Peter Canning DIY Milk Crate System with Aolithium Battery

Peter ordered our 12V100Ah battery in December 2021, he has a small RV to bring him the fun of travel, he wanted to buy a portable power supply to power the microwave and induction hot plates, but considering the high price of portable power station, he decided to use Aolithium batteries to diy a large portable power station, the cost is much lower than buying a portable power supply alone. 

Here is his story.

I am very impressed with Aolithium battery.

Since the 12V 100Ah lithium battery is capable of discharging at 2C, if you don’t mind a different milk crate and mount the inverter and solar charge controller on the outside, you can make a much more powerful system like this one. It only charges from solar, since space is a premium, but it will run induction hot plates and small microwaves. Also note the two fused DC outlets, plug and play and mounted-no need for an entire fuse block. -All with Zip ties and a drill!

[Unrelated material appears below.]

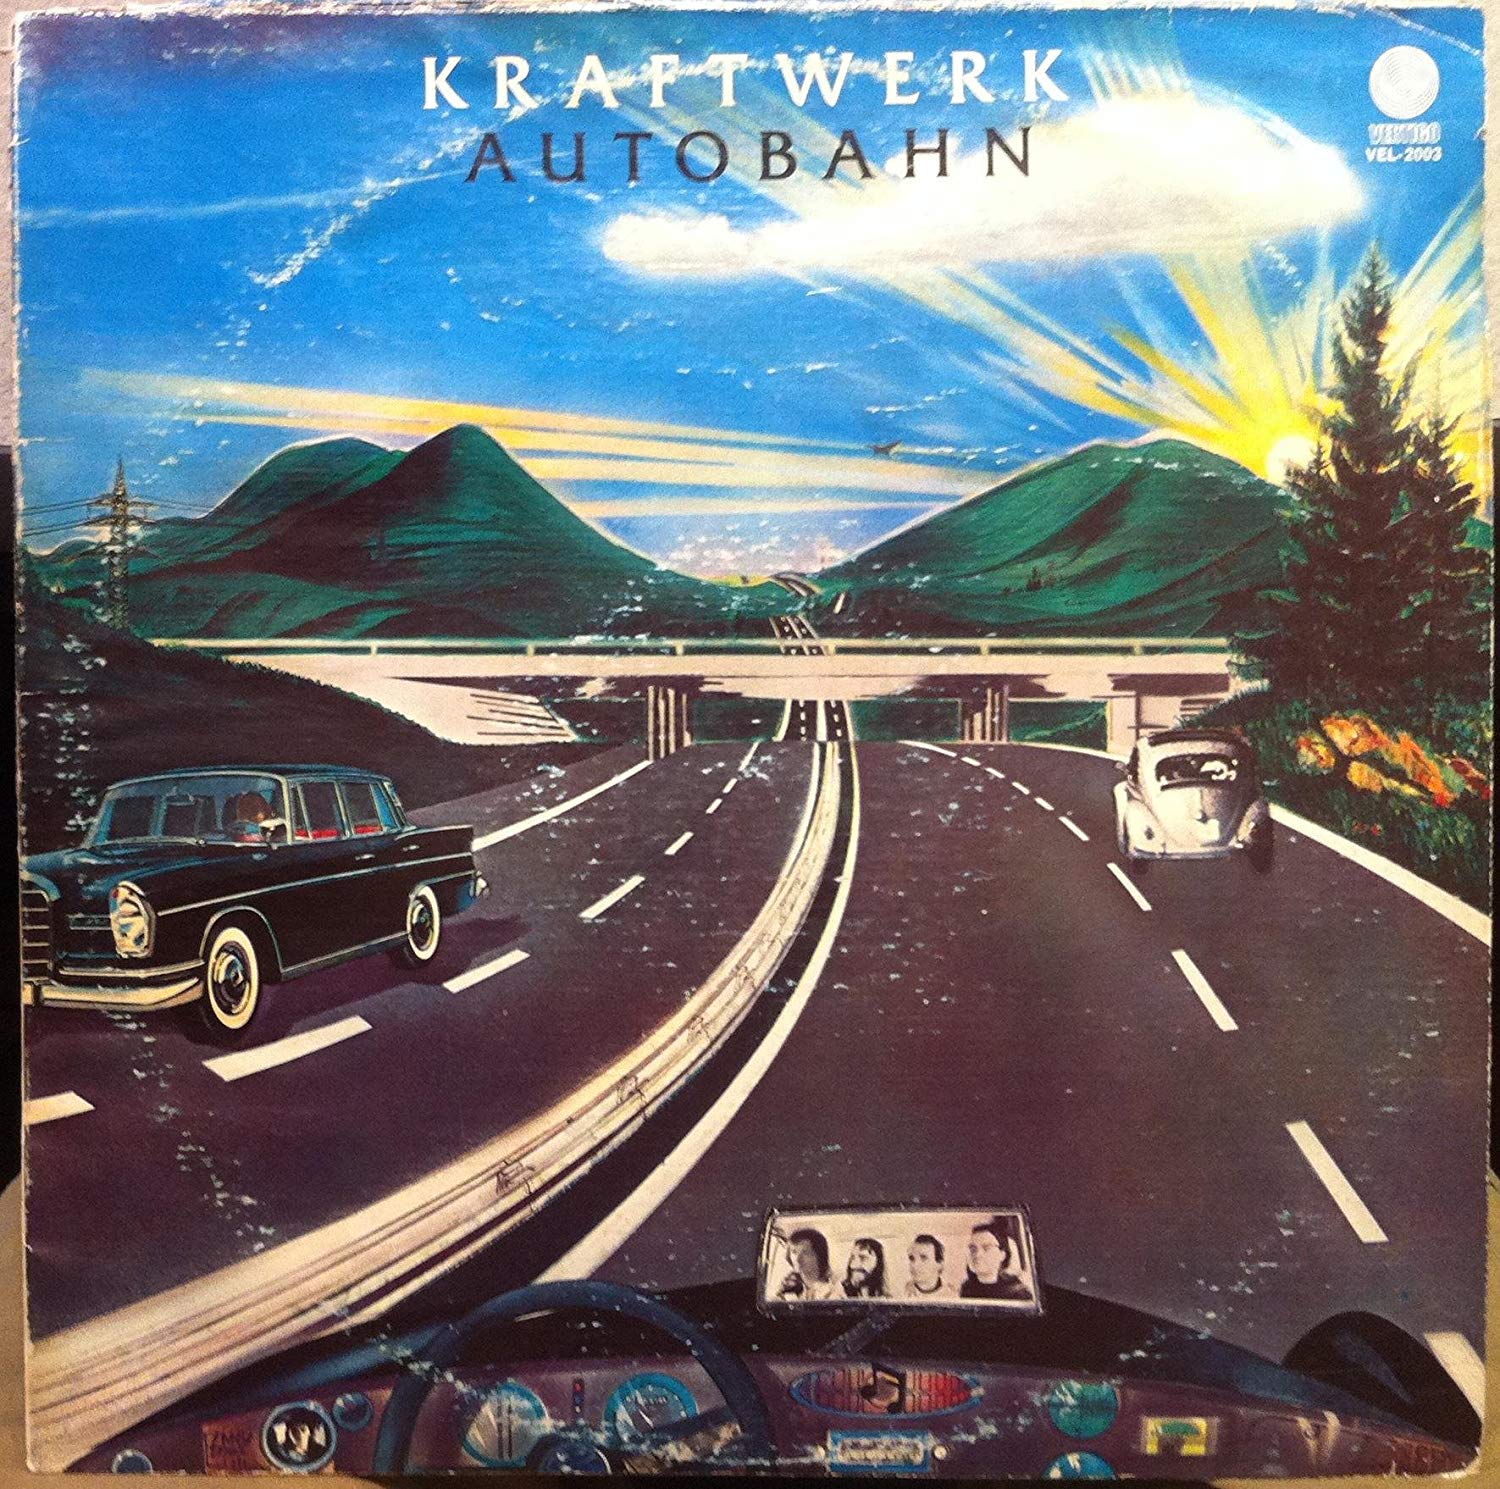 Kraftwerk Autobahn album cover

Love the milk crate system.

Here’s a zip tie built, pre-fused, plug and play milk crate system capable of 1200 watts continuous. Since your battery is capable of 2C discharge, this can handle induction hot plates and small microwaves with no problem. There’s no AC charging, since space is at a premium, but the two DC threaded ports can handle a variety of input options.

And the DC ports-No need to be regulated because of the LiFePo4 distribution curve.

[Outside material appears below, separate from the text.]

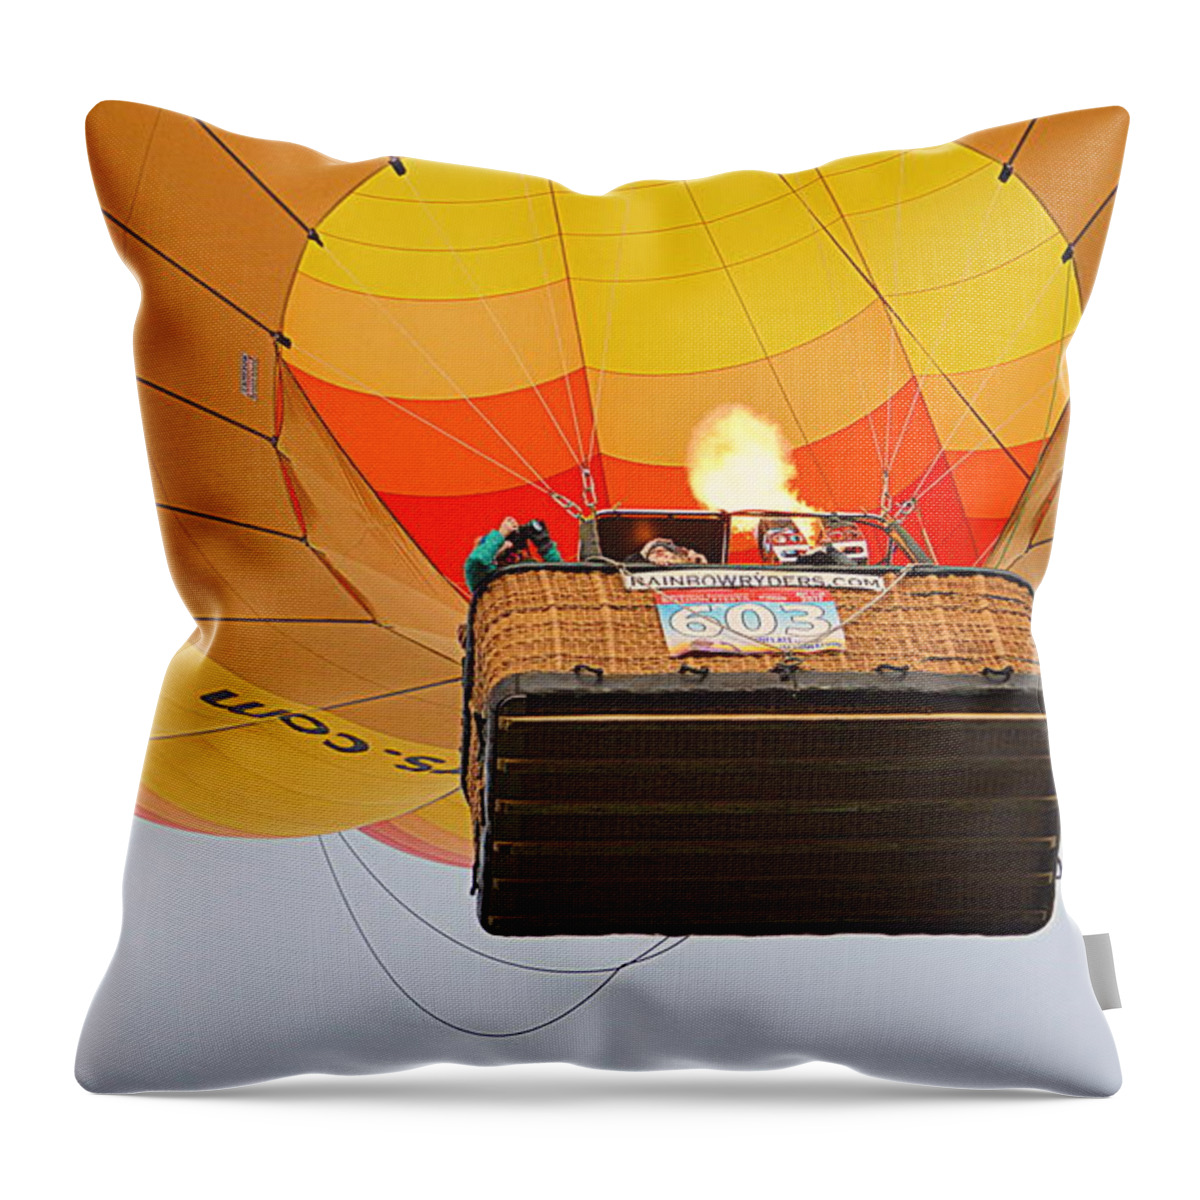 Hot Air Balloon Throw Pillow featuring the photograph Liftoff by AJ Schibig

Aolithium have this great, 2C capable, light battery with a solid Bluetooth BMS.

I’d structure it like a mini Point Zero Titan-stackable, 1K lifepo4 power modules with no cords: people can move them in whatever batch size they can can carry safely and you can then connect them up to a size that fits your needs.

A squared off format with side handles makes them easy to get into a vehicle, and makes them resist moving around once they are in, say, the back of a truck. Lastly, since these are all so long life cycle and yours are 2C, you could even update and tailor the top power control module to fit the buyers needs now and in the future. Offer a really cheap, low power low solar input one, or a rockin’ high energy transfer module that’s more expensive. You can tailor the output structure; one designed for RV with a 20amp RV plug, or a simpler one with more connections and ports for computers and charging. People are starting to understand that these batteries last a long time and what fails are the fans, inverters, and charge controllers. If your battery modules and control module look slick and interchangeable, people can buy your gear knowing that in the future there will be more options, upgrades, and ability to swap out to a new module when their current power module fails or becomes obsolete.